Go through the data below and transcribe it exactly. Omit the images.

DATA SECTION »
────────────────────────────────────────

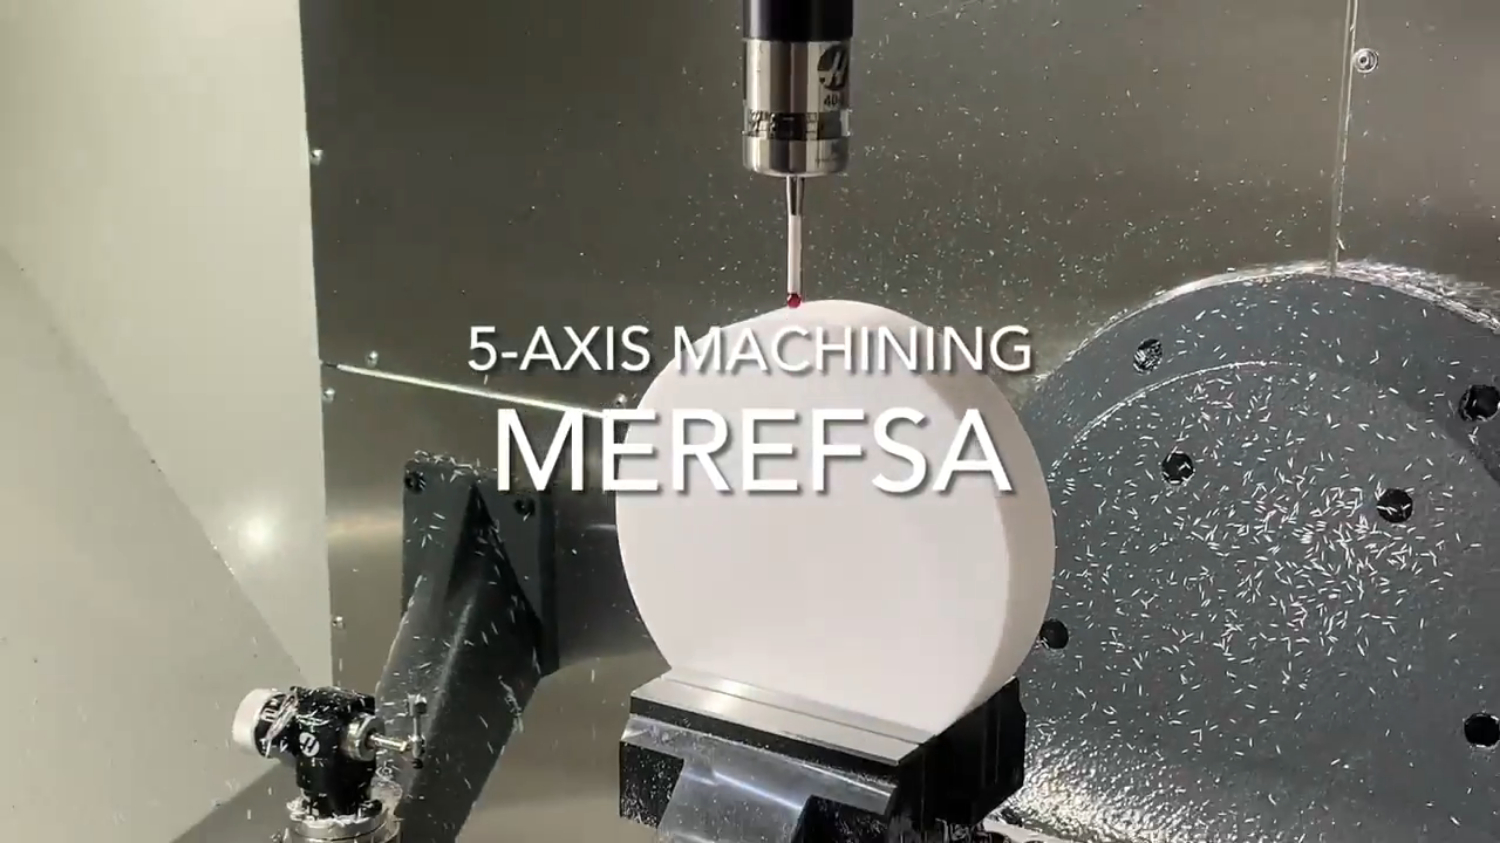 Machining process in MEREFSA: 5-Axis Simultaneus machining
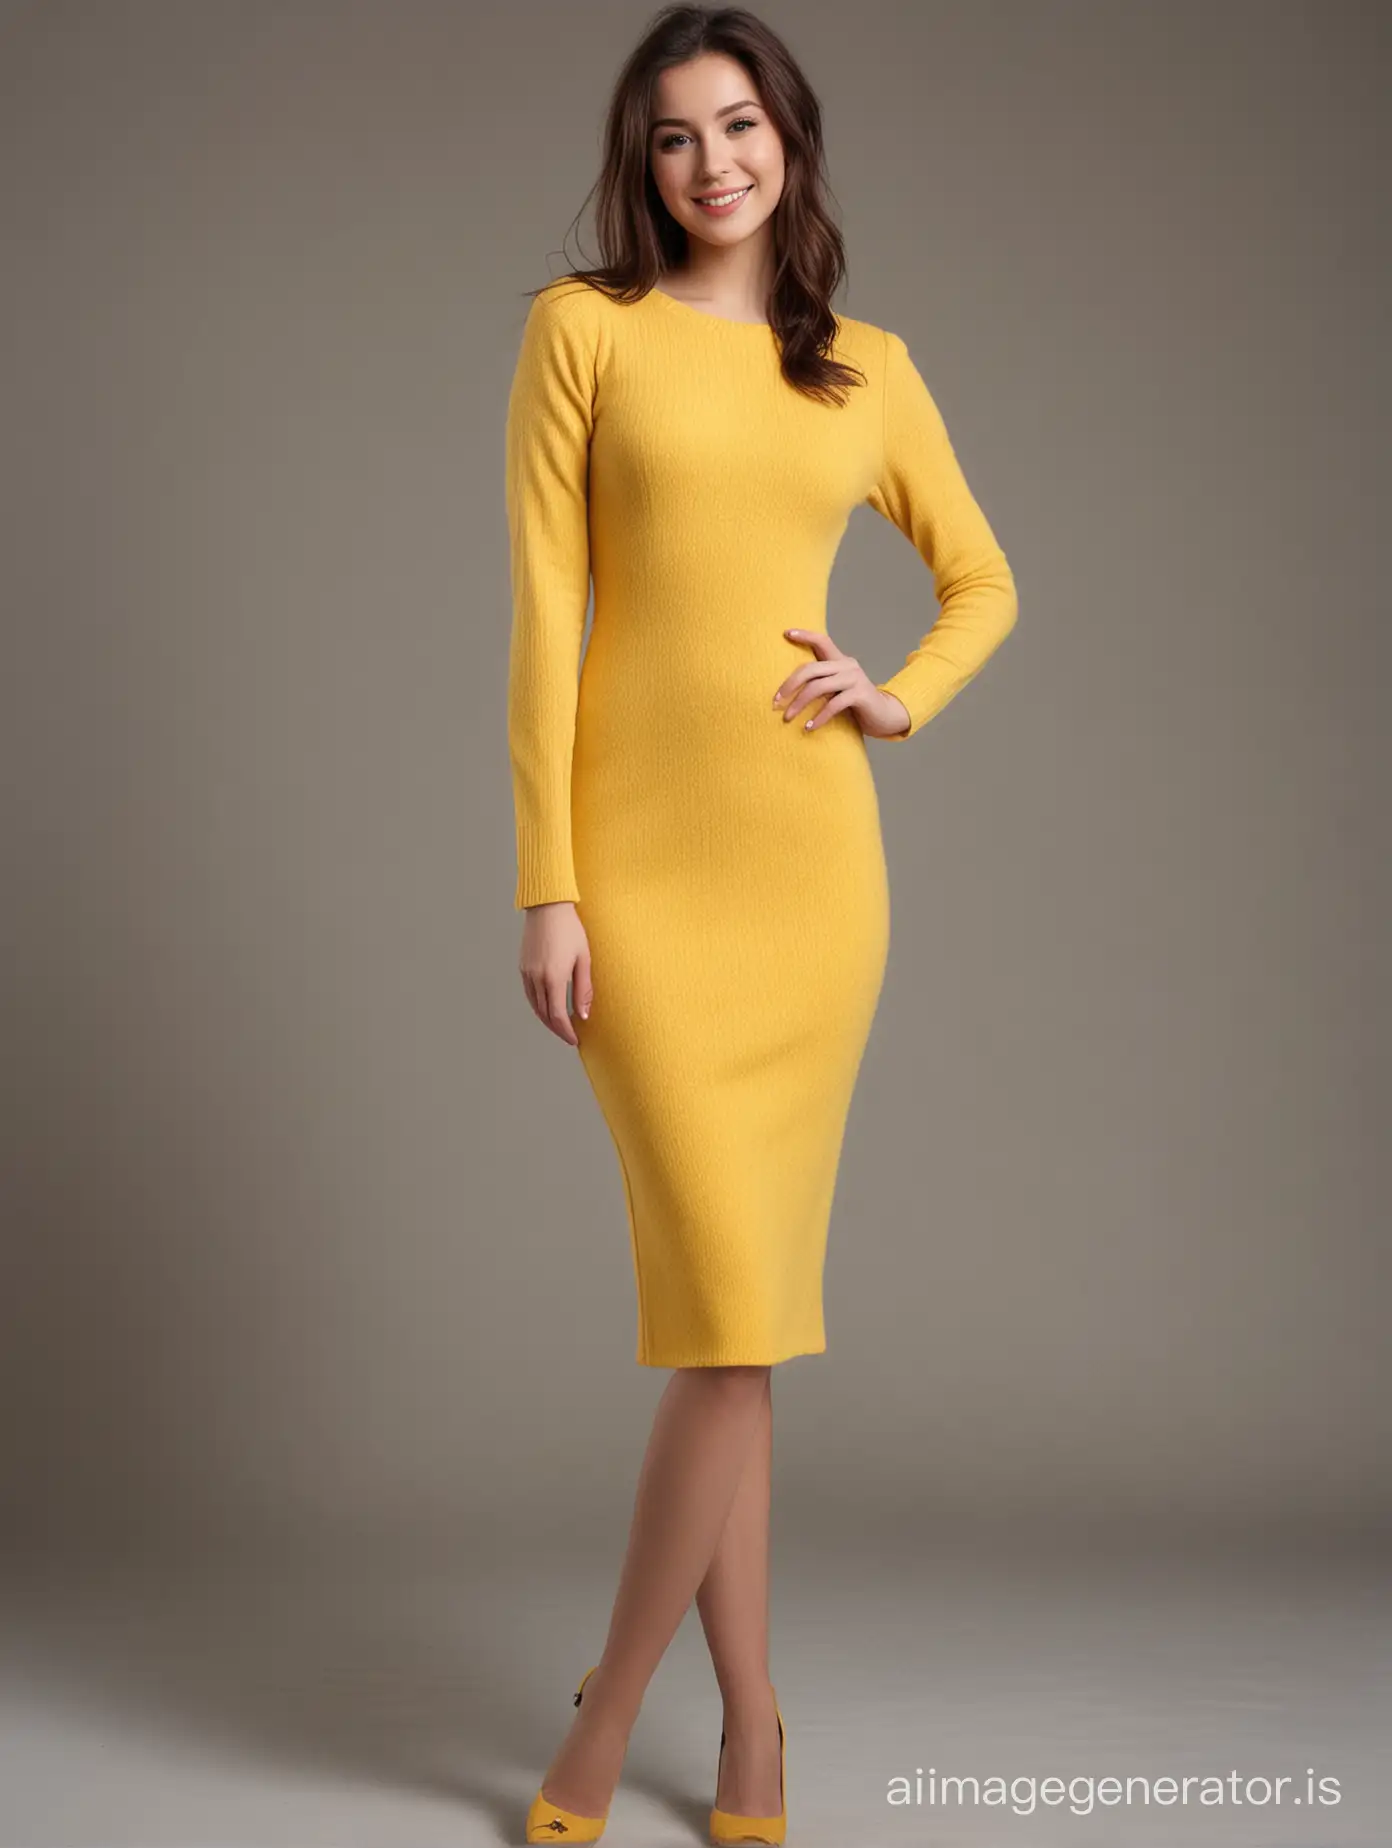 Elegant-Yellow-Dress-Fashion-Model-Posing-with-Seductive-Smile
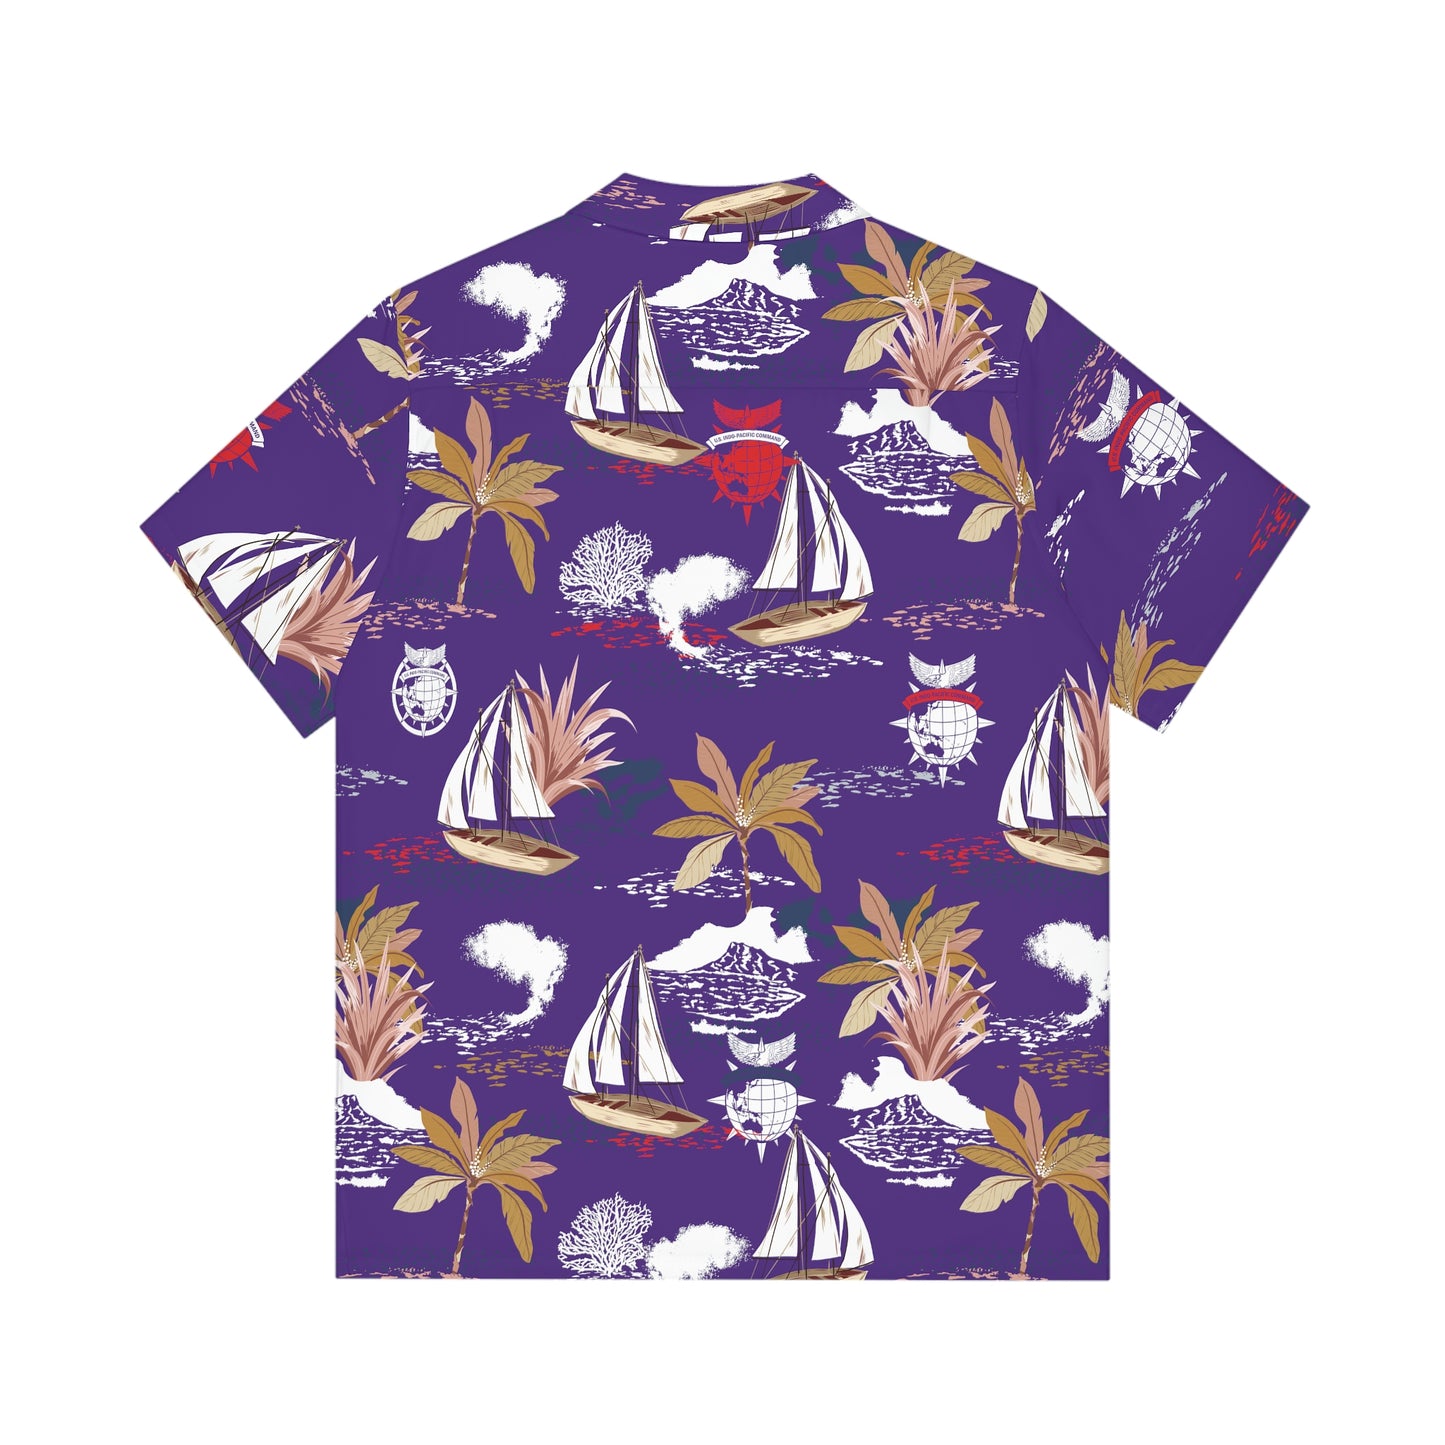 USINDOPACOM HQ Moloka'i Hawaiian Shirt
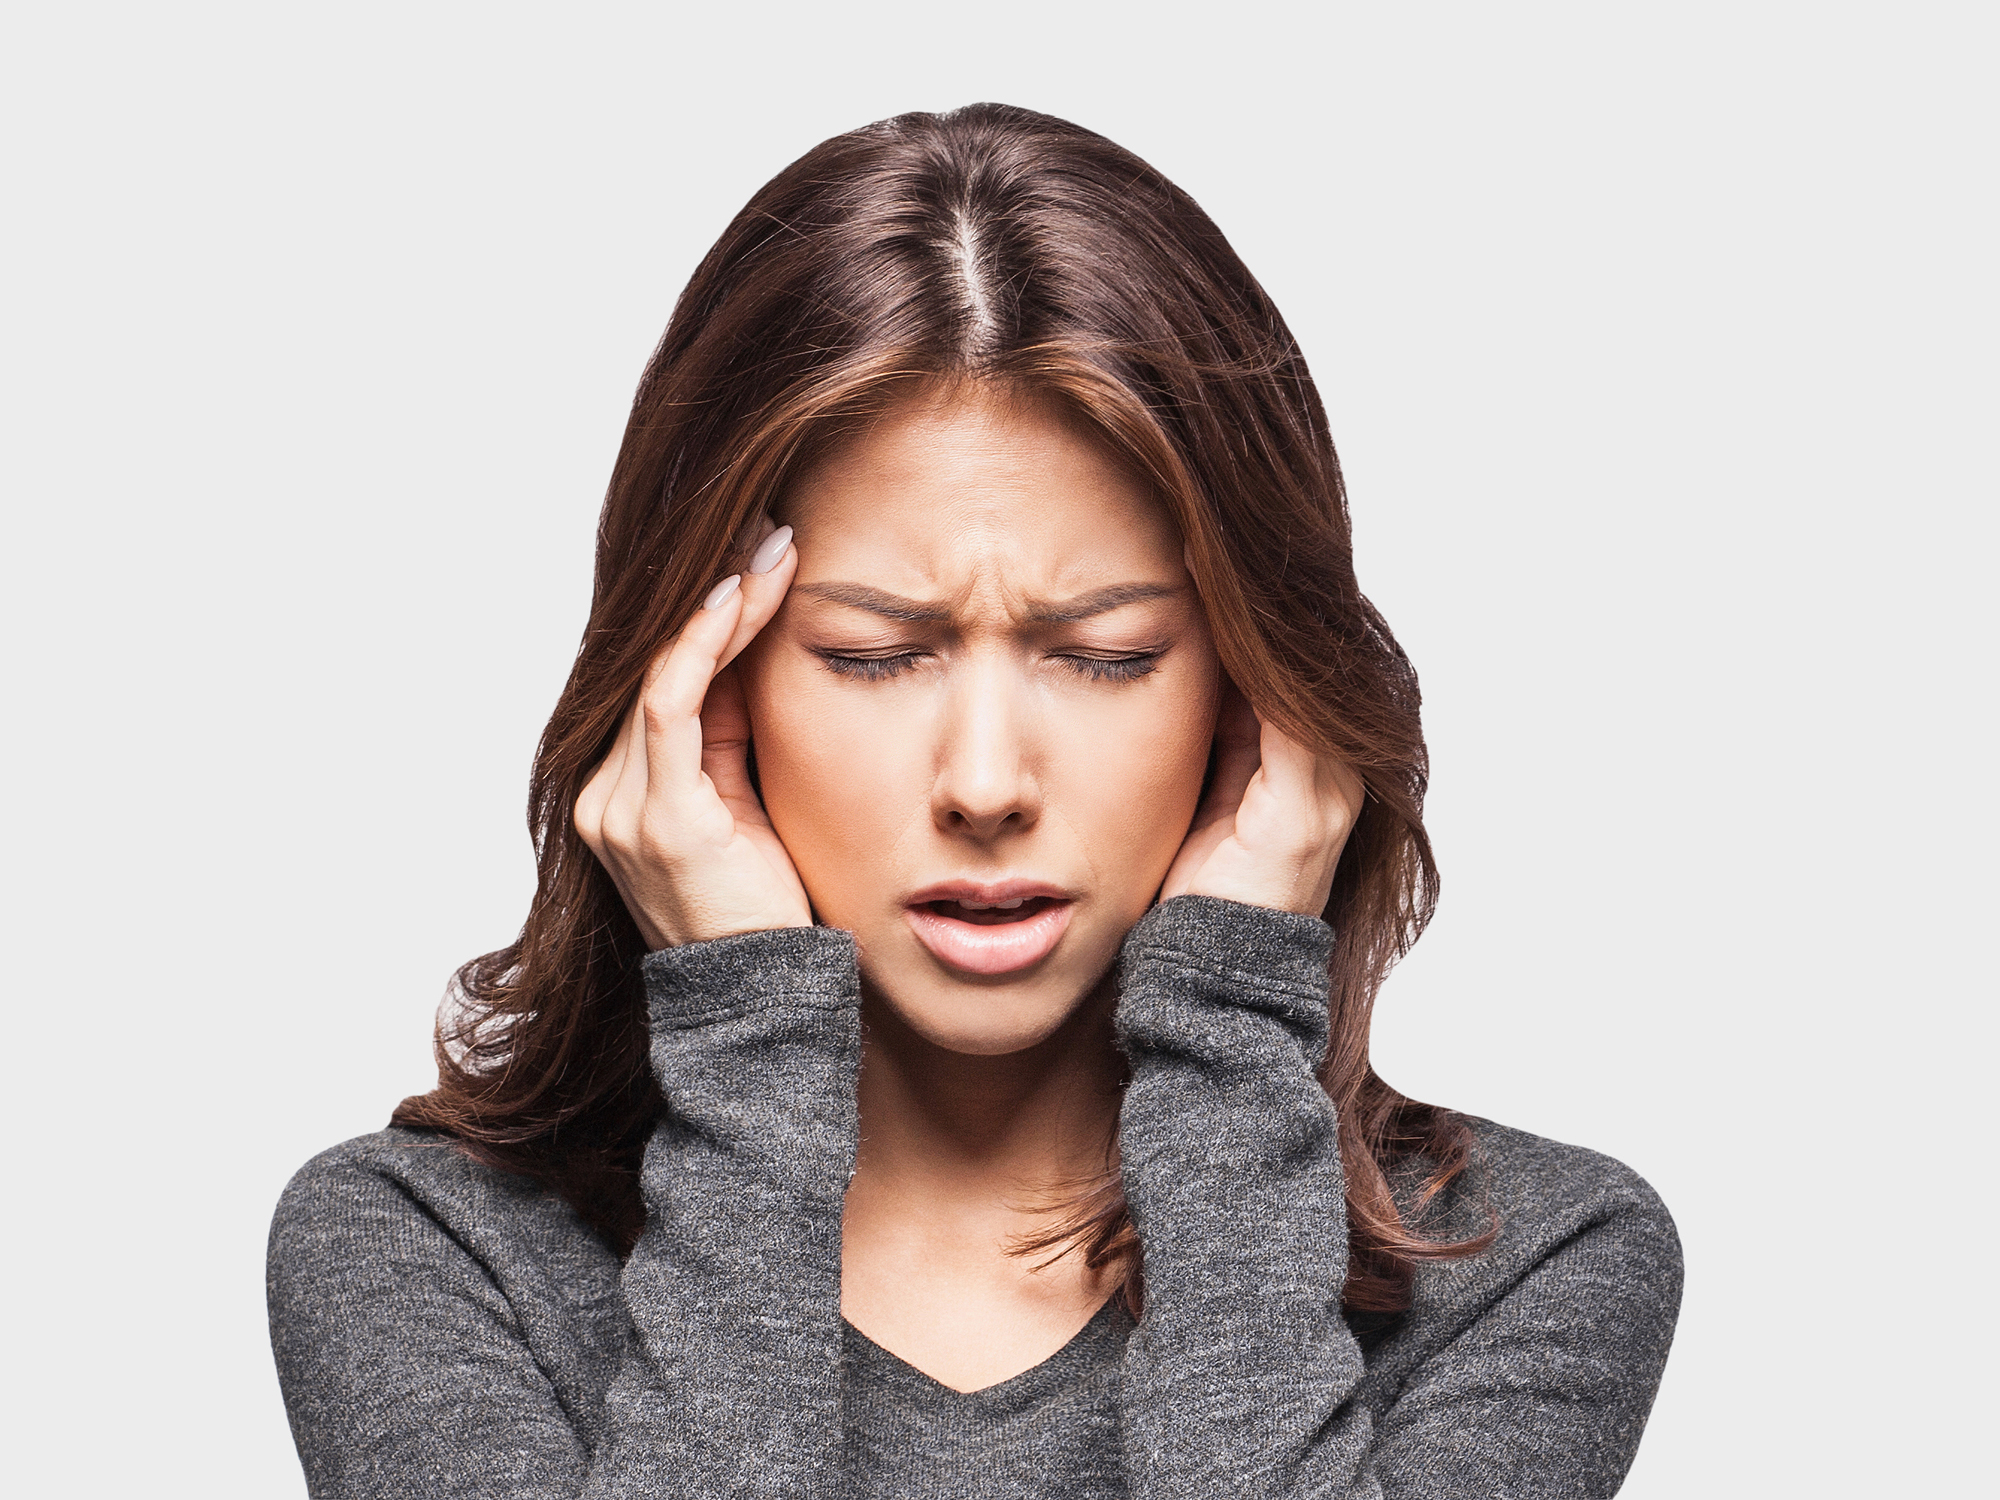 6 foods that make headaches worse

────────────────────────────────────────

RESULT FOR THIS TASK »
 Machining process in MEREFSA: 5-Axis Simultaneus machining
 Elegant-Yellow-Dress-Fashion-Model-Posing-with-Seductive-Smile
 USINDOPACOM HQ Moloka'i Hawaiian Shirt
 6 foods that make headaches worse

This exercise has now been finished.